In most studies on prosodIc structure, two or three levels of constituency above the prosodic word are usually assumed: the accentual phrase (also named minor phrase or clitic group), the intermediate phrase (also named major phrase or phonological phrase) and the intonational phrase. The different names assigned to these units often reflect distinct perspectives in apprehending prosodic structure, among which we may distinguish an intonation-based approach and a grammatically-driven approach. Because of these differences, endless debates exist on the validity of the various units.

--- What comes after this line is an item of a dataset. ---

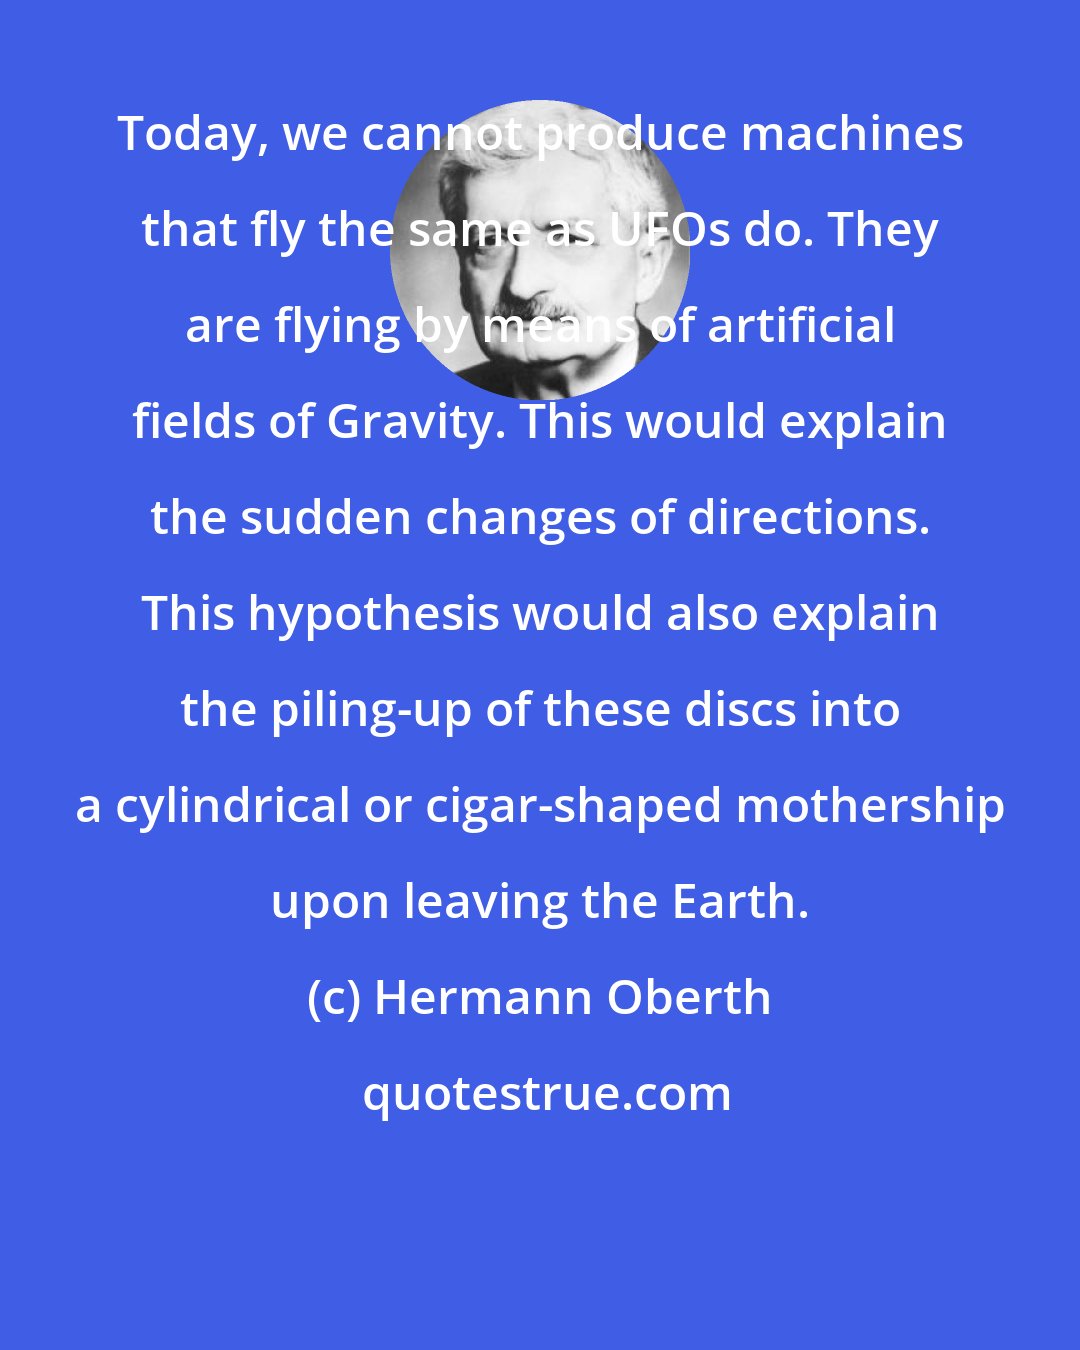 Hermann Oberth: Today, we cannot produce machines that fly the same as UFOs do. They are flying by means of artificial fields of Gravity. This would explain the sudden changes of directions. This hypothesis would also explain the piling-up of these discs into a cylindrical or cigar-shaped mothership upon leaving the Earth.

In this communication, based on analysis of French prosody and on an examination of the intermediate phrase, we will argue for an approach that clearly distinguishes between metrically and intonationally-based prosodic units. First, we will clarify the extension and status of the intermediate phrase in such a way as to consider it essentially as a metrically-driven prosodic unit. Second, a distinction will be made between this metrically-driven phrase and two types of intonational phrases on the basis of the intonational contours occurring at their right edge.
This proposal is based on (a) the inventory and possible realisations of the contours at the right edge of these phrases, and (b) their relation with the morpho-syntactic and semantic structures. Note that our proposal accounts for phrasing and intonation contour choice at the underlying phonological level, the way the contours are realized being seen as resulting from choices made in other parts of the grammar and from performance factors.